In 1996, the US National Multiple Sclerosis Society (NMSS) (Advisory Committee on Clinical Trials) defined the first version of the clinical phenotypes that is in use. In this first version, they provided standardized definitions for four MS clinical courses: relapsing-remitting (RR), secondary progressive (SP), primary progressive (PP), and progressive relapsing (PR). In 2010, PR was dropped and CIS was incorporated. Three years later, the 2013 revision of the "phenotypes for the disease course" were forced to consider CIS as one of the phenotypes of MS, making obsolete some expressions like "conversion from CIS to MS". Other organizations have proposed later new clinical phenotypes, like HAMS (Highly Active MS).
In 2011, mitoxantrone was the first medication approved for secondary progressive MS. In this population, tentative evidence supports mitoxantrone moderately slowing the progression of the disease and decreasing rates of relapses over two years.
The International Advisory Committee on Clinical Trials of MS describes four types of MS (revised in 2013) in what is known as the Lublin classification:
New approved medications continue to emerge.

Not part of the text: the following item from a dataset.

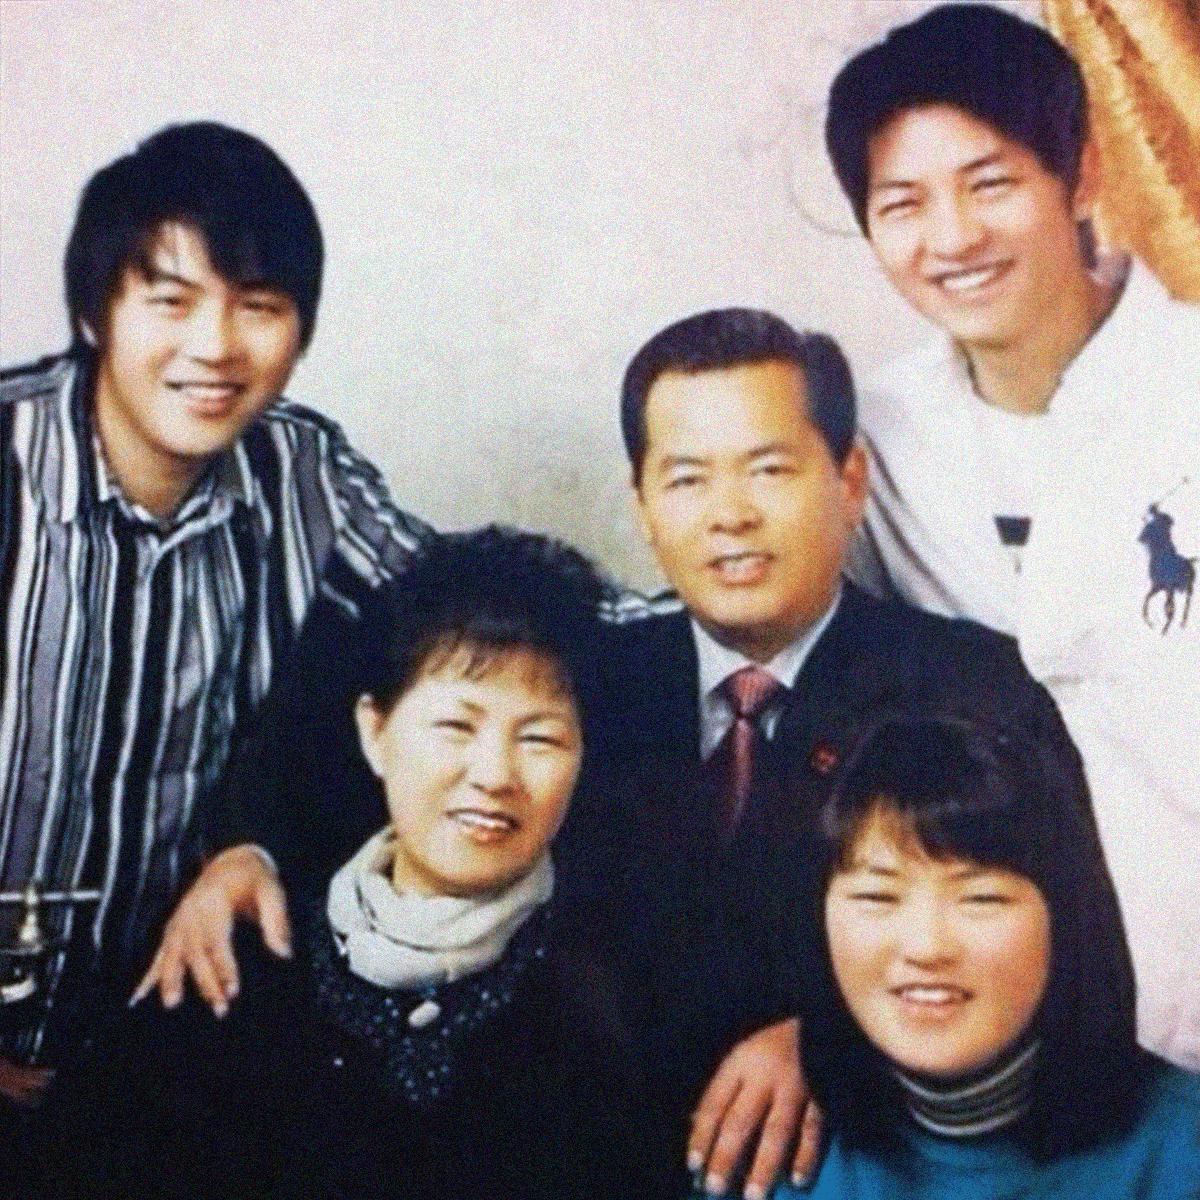 Tin nóng: Bố mẹ Song Joong Ki gặp Song Hye Kyo để bàn về đám cưới? - Ảnh 1.

In March 2017, the FDA approved ocrelizumab as a treatment for primary progressive MS in adults, the first drug to gain that approval, with requirements for several Phase IV clinical trials. It is also used for the treatment of relapsing forms of multiple sclerosis, to include clinically isolated syndrome, relapsing-remitting disease, and active secondary progressive disease in adults. According to a 2021 Cochrane review, ocrelizumab may reduce worsening of symptoms for primary progressive MS and probably increases unwanted effects but makes little or no difference to the number of serious unwanted effects.
In 2019, siponimod and cladribine were approved in the United States for the treatment of secondary progressive multiple sclerosis (SPMS). Subsequently, ozanimod was approved in 2020, and ponesimod was approved in 2021, which were both approved for management of CIS, relapsing MS, and SPMS in the U.S., and RRMS in Europe.
Ublituximab was approved for medical use in the United States in December 2022.
In 2024, scientists shared research on their findings of ancient migration to northern Europe from the Yamnaya area of culture, tracing MS-risk gene variants dating back around 5,000 years. The MS-risk gene variants protected ancient cattle herders from animal diseases, but modern lifestyles, diets and better hygiene, have allowed the gene to develop, resulting in the higher risk of MS today.
Ocrelizumab/hyaluronidase was approved for medical use in the United States in September 2024.